Ecken und Kanten zu haben, ist bekanntlich von Vorteil: So geht man nicht im Mainstream unter. Genau diese Tatsache sollte man sich in der Bewerbung zu nutze machen: Zur Bewerbung gehört eine intensive Auseinandersetzung mit dem Arbeitgeber und den Gründen für den Quereinstieg. Statt also die Abfolge der bisherigen Jobs in den Vordergrund zu stellen, gilt es, die übertragbare Fähigkeiten hervorzuheben und die damit verbundenen Erfahrungen und Kenntnisse, die einen in dem neuen Job glänzen lassen. Oder kurz:  Bewerbung und Werbung in eigener Sache gehören zusammen.

Für Ihr Buch haben Sie Gespräche mit erfolgreichen Quereinsteigern geführt. Aus Ihrer Sicht: Was macht den Quereinstieg schwierig und was macht den Quereinstieg auf Dauer erfolgreich?

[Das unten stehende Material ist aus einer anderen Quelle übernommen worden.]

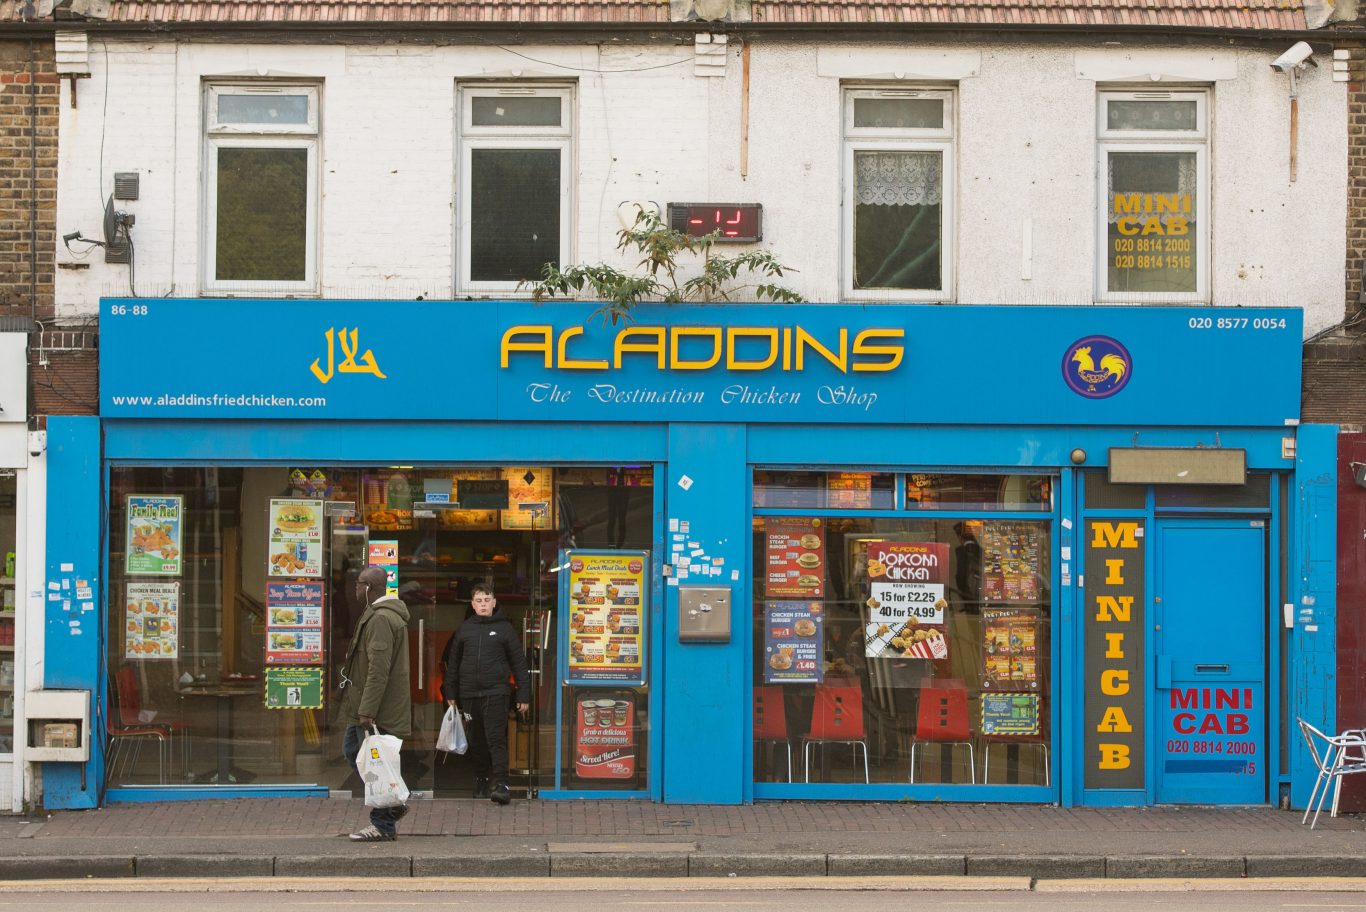 Aladdins chicken shop in Hounslow, west London after one of its employees, Yahyah Farroukh, was arrested on Saturday (Dominic Lipinski/PA)

Nicht nur der Fachkräftemangel und das Altern der Gesellschaft spielen Quereinsteigern in die Karten. Unternehmen in Deutschland, Europa und der Welt entdecken langsam, dass Talente, Kenntnisse und Fähigkeiten bei der Besetzung offener Stellen entscheidend sind – nicht lückenlose Lebensläufe und lebenslange Branchentreue. Die folgenden sieben Key-Learnings zeigten uns die Gespräche mit erfolgreichen Quereinsteigern:

  1. Eine gute Vorbereitung ist die halbe Miete – es gilt den Quereinstieg als eigenständiges Projekt zu verstehen; inklusive Projektplan und Zwischenschritte, die nacheinander abgearbeitet werden.
  2. Geschützte Berufe eignen sich nicht für den Quereinstieg - ein Wechsel vom Metzger zum Chirurgen ist beispielsweise nicht möglich.
  3. Ein erfolgreich realisierter Quereinstieg hat eine erschwerte Rückkehr in den alten Job bzw. die alte Branche zur Folge.
  4. (Initiativ-) Bewerbungen sollten intensiv vorbereitet sein, um dem Personaler eindrucksvoll zu vermitteln, warum man der richtige Kandidat für genau dieses Unternehmen ist und was einen zum Quereinstieg bewegt. Hierbei ist es wichtig die eigenen, individuellen Kompetenzen hinter den bisherigen beruflichen Positionen zu identifizieren und in Bezug zur Stelle bzw. dem Unternehmen zu stellen.
  5. Während der Probezeit gilt es, sich in besonderer Weise engagiert und interessiert zu zeigen, Input aufzusaugen, auf die richtigen Soft Skills zu setzen (z. B. Kommunikationsfähigkeit, Integrität) und sich die notwendigen Hard Skills anzueignen (z. B. Fachkenntnisse, Branchen-Insights).
  6. Wichtig ist, auf seine eigenen Stärken zu vertrauen und sich nicht entmutigen zu lassen, wenn die ersten Bewerbungen im Sande verlaufen - eine Absage ist immer eine Chance, etwas zu lernen oder zu verbessern, um beim nächsten Versuch zu überzeugen. Ein kleiner Tipp: Nicht die allererste Bewerbung an den absoluten Wunscharbeitgeber verschicken, sondern zuerst die Nummer 2 und 3 oder 4 und 5 auf Ihrer Wunschliste kontaktieren. Wenn diese Arbeitgeber überzeugt werden können, so stehen die Chancen für Nummer 1 nicht schlecht.
  7. Networking, Vitamin B, Kontakte: Je mehr berufliche Verbindungen man hat, je mehr man über den Ziel-Job und seine Branche weiß, desto besser. Berufliche Kontakte können Türen zum erfolgreichen Quereinstieg öffnen.